Stanford researchers studied the 250 top-grossing Hollywood movies released between 1994 and 2018, including “Titanic”, “Avatar”, and “Black Panther”. They’ve found that most of them depict an unhealthy diet, which is unsurprising because cinematic art reflects the culture.
It wasn’t the researchers’ goal to scare the viewers or make them stop watching their favorite movies, but to encourage people to be more conscious about their food choices.
“Movies show unhealthy foods as being stereotypical, which Americans then see, reinforcing what is normative. You get this cycle that just spins round and round,” said study lead author Bradley Turnwald.
Here are some of the things researchers discovered:
- Overall, diets in most of the movies failed to meet the federal recommendations for saturated fat, fiber, and sodium. At the same time, there were a lot of alcoholic beverages and sugary foods depicted. Movie nutrition scores didn’t improve over the past 25 years.
- The foods that showed up onscreen most often — candies, processed salty snacks, baked goods, etc.
- Fruits were the second-most common type of food. Authors say this matter needs further research because fruits are often a scene prop in a grocery store or dining room.
- Water appeared on-screen only slightly more than sodas and other sweetened beverages.

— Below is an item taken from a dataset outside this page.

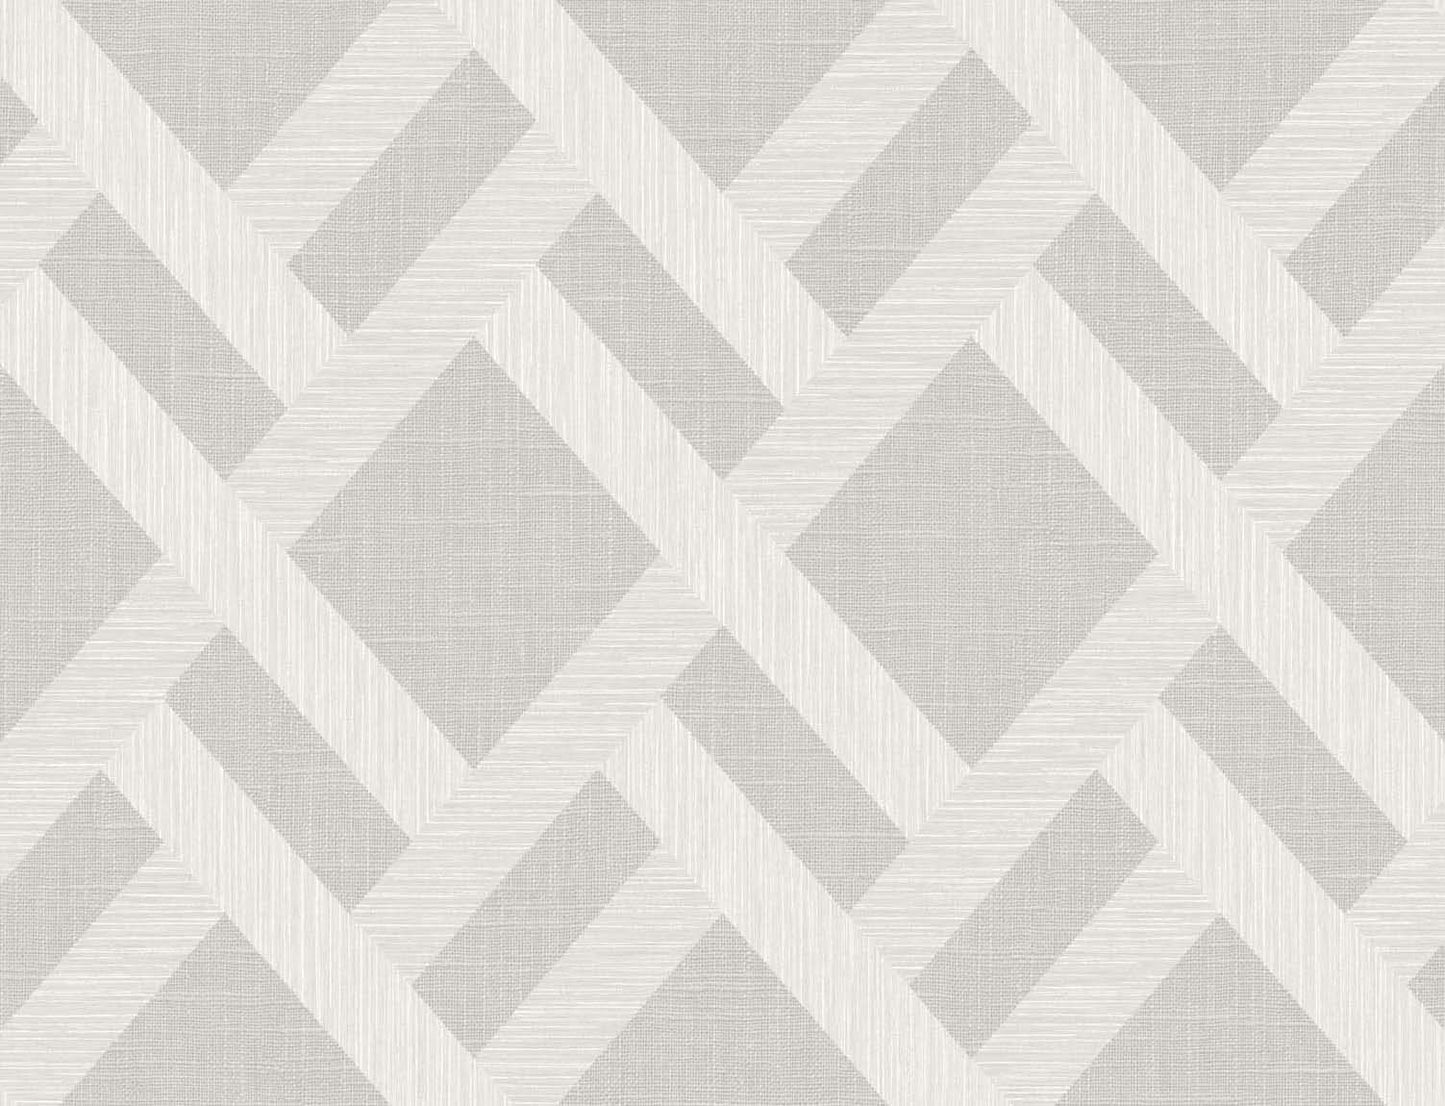 TS80808 | Linen Trellis, Grey - Seabrook Designs Wallpaper

- About 40% of beverages were alcoholic; even among the G-rated movies (those with no age restrictions), almost 20% of drinks were alcoholic.
- Despite the tendency towards product placement and advertising in movies, only about 11% of food was branded.
“The foods depicted in popular movies send a clear message – not only about what is common to eat but also about what foods are appealing or cool to eat. If our favorite actors and superheroes aren’t eating salads, why should we?” says Alia Crum, assistant professor of psychology and senior author on the study.
Also, Crum believes “there is a great opportunity here for movie producers and actors to be empowered by these findings – to be more mindful of and take responsibility for the foods they portray on their screens for millions of people to see.”